From his point of view, stopping is a way to feel again. When we never stop, the body continues to function, but it is filled with cortisol, the stress hormone, and becomes energetically saturated. “We get used to tension as if it were natural, and we confuse movement with vitality.” For this reason, yoga does not seek immobility, but rather conscious movement: each asana is a meditation in itself, a training to be able to remain still without discomfort. “Bodily silence does not mean stopping doing, but rather moving in the presence“, says.

Breathing, he adds, is the bridge that unites body and mind. Consciously regulating it allows us to calm, activate or balance depending on what we need. That is why he proposes a minimal, almost invisible practice: three seconds of pause three times a day. Close your eyes, inhale carefully and exhale, releasing tension. A simple way to return to the present, recalculate and continue, but from a more conscious, subtle and alive place.
That same search goes through Nicolás Iglesias, psychologist, Buddhist practitioner and author of ““Meditation in sneakers” (Southern Leaves).
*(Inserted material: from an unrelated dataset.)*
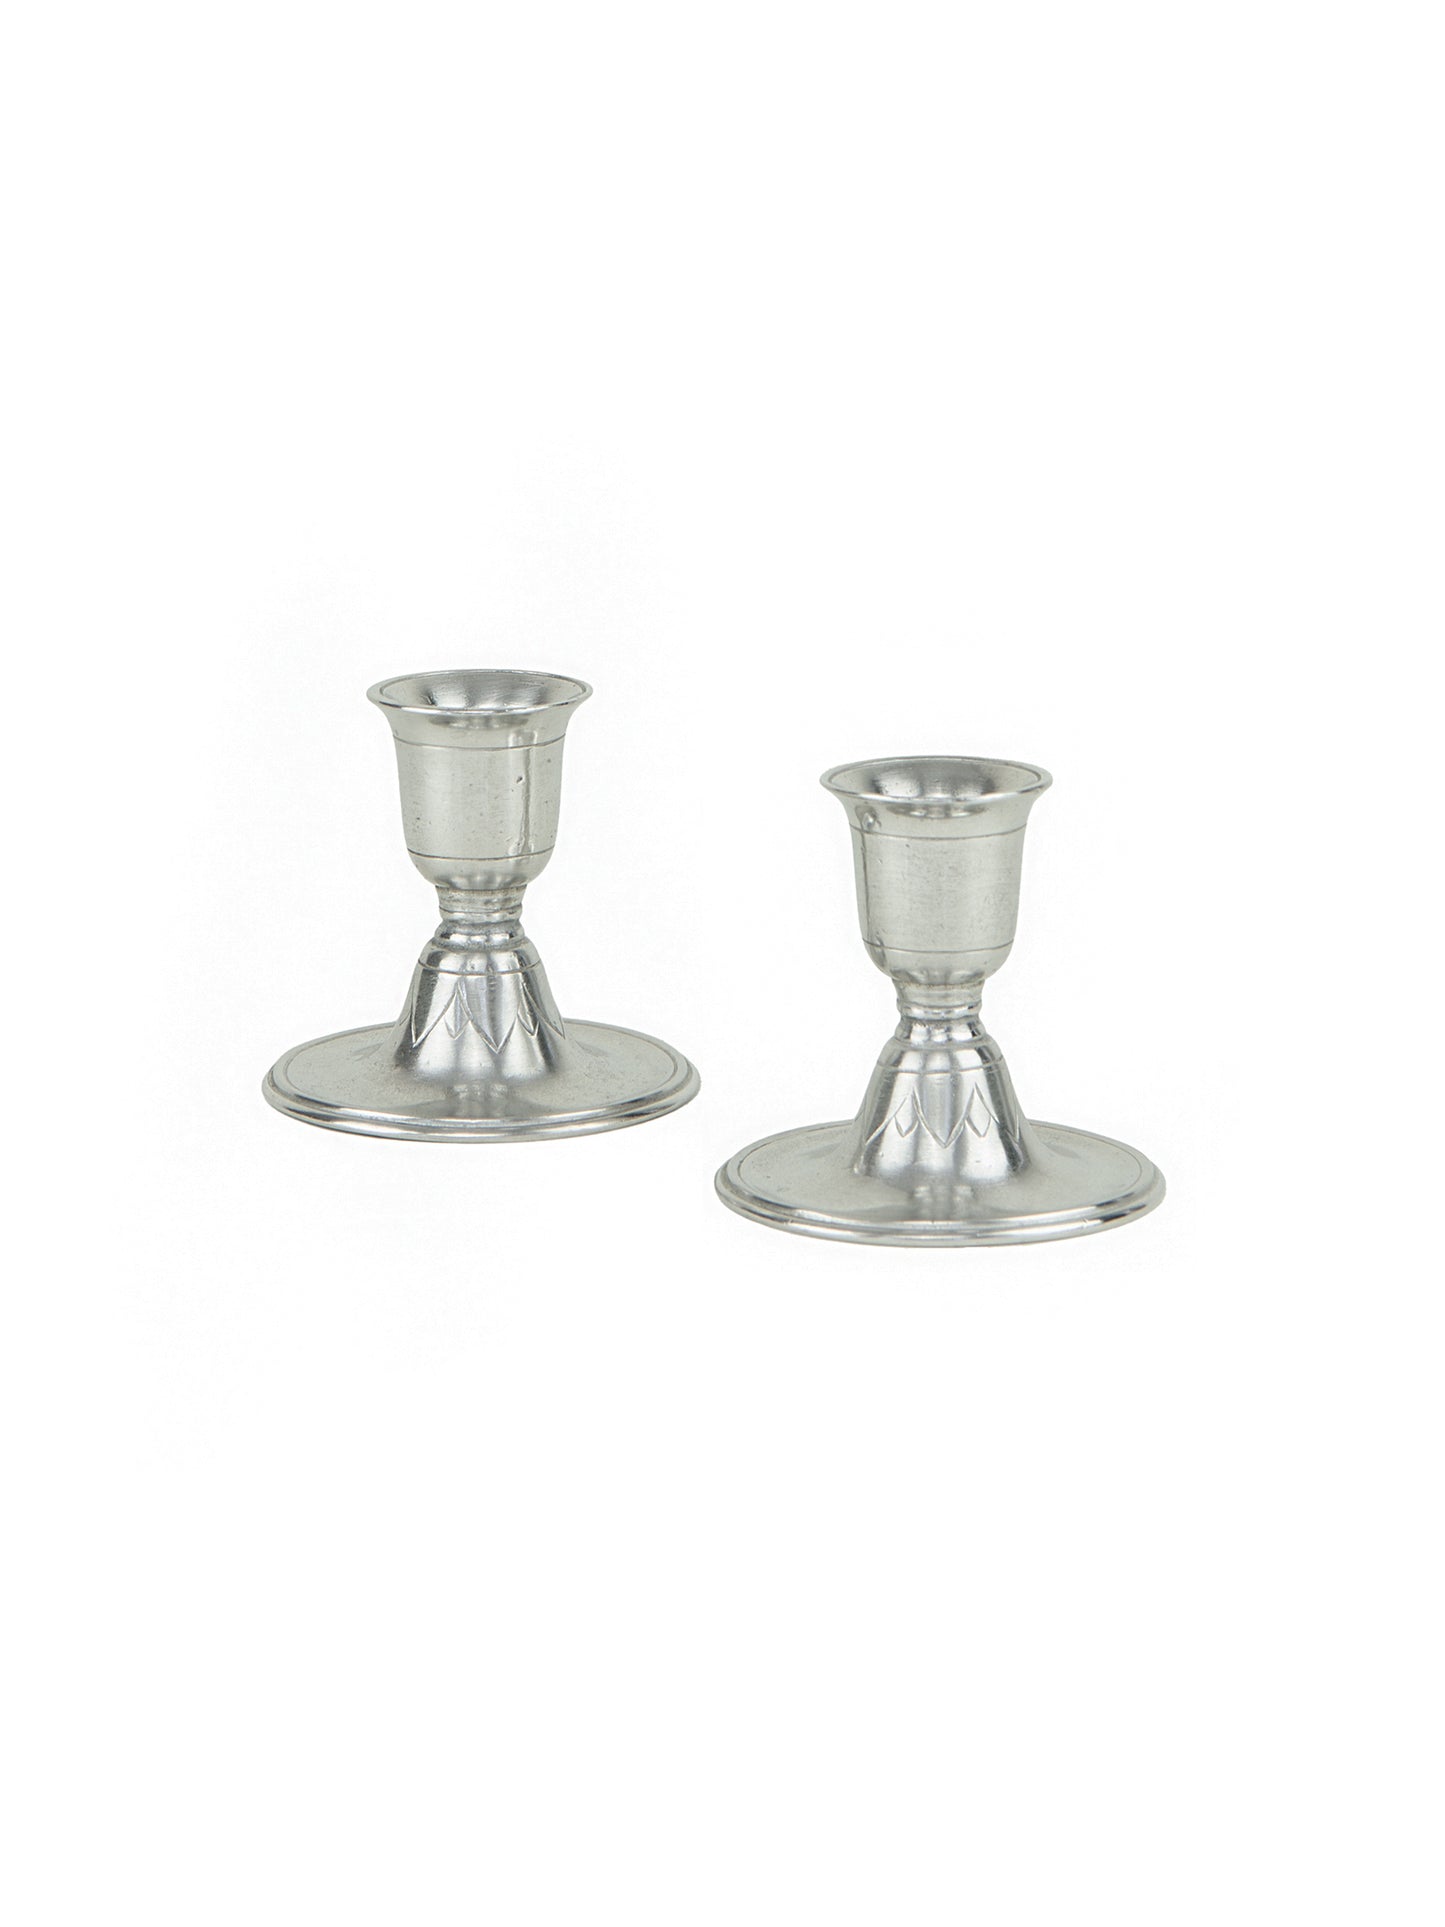 MATCH Pewter Short Candlestick Pair Weston Table

His proposal is based on a simple idea: bring the practice to real life, without candles, mantras or impossible postures. Three years ago, out of a personal concern, he proposed to his teacher, Gerardo Abboud, to open a space for secular mindfulness every Monday at 7 pm. “I was already working as a psychologist and I realized how much meditation had given me. I asked myself what I had given back to the practice that transformed me so much,” he says. What started as a test became a stable meeting, where people of different ages come in search of serenity, relief from stress or simply a refuge in the midst of daily chaos (entrance is free, it is possible to register on Instagram @nicoiglesiass).
“The axis is that we are all in the same thing. The strength of the group is what sustains it.” point. In that space, meditation works as a concrete tool for emotional regulation: it helps focus attention, calm the mind and regain clarity. For Iglesias, the pause is not a static image of someone motionless with their eyes closed, but rather an internal attitude that can manifest itself while performing such everyday acts as watering the plants. “I have seen Tibetan lamas do it with immense serenity. The pause is not in stopping moving, but in being at peace while something happens.”

That serenity, he says, comes from transforming the relationship with what happens to us. “Meditation makes us kinder, less reactive. It gives us a space between stimulus and response, and that is where true freedom appears.” But stopping is not easy: “It is difficult for us because it confronts us with emptiness, with the idea of finitude. When nothing happens, we feel a mini-death, a great discomfort. And we try to cover it with stimuli, consumption, movement. But matter always fails,” he warns. Learning to stay in that silence is to conquer an internal territory that the modern rhythm denies us.
intimate ritual
In a reading key, the pause takes shape in “Silence”a traveling silent reading event created by Hannah Leyro Díaz and Julieta Brenna. Both came from different projects, but they agreed on a simple desire: to offer a space to read without distractions, without screens and without the pressure to comment later. An analogue ritual to stop the noise, at least for a while.

The first edition was held in Flores Negras, an old house converted into a nursery. Regular readers and others who had not touched a book for a long time participated. For 40 minutes, no one spoke or looked at their cell phone, only the sound of pages turning could be heard. “From the first bell, the space became a shared oasis,” they say. In the end, the transition from silence to talk was slow: some continued reading, others stayed talking with a gin and tonic in hand. That collective calm, they say, was the biggest surprise.
“Silence” It is defined as “an analog afternoon, a reading ritual.” It does not have social networks and it spreads by word of mouth, almost like a secret that is shared among those seeking refuge. In hyperconnected times, they propose a luminous paradox: reading (that intimate and solitary act) in company. Perhaps that is why many leave the meeting with a particular feeling. Not of isolation, but of connection. With others, with the word and, above all, with oneself.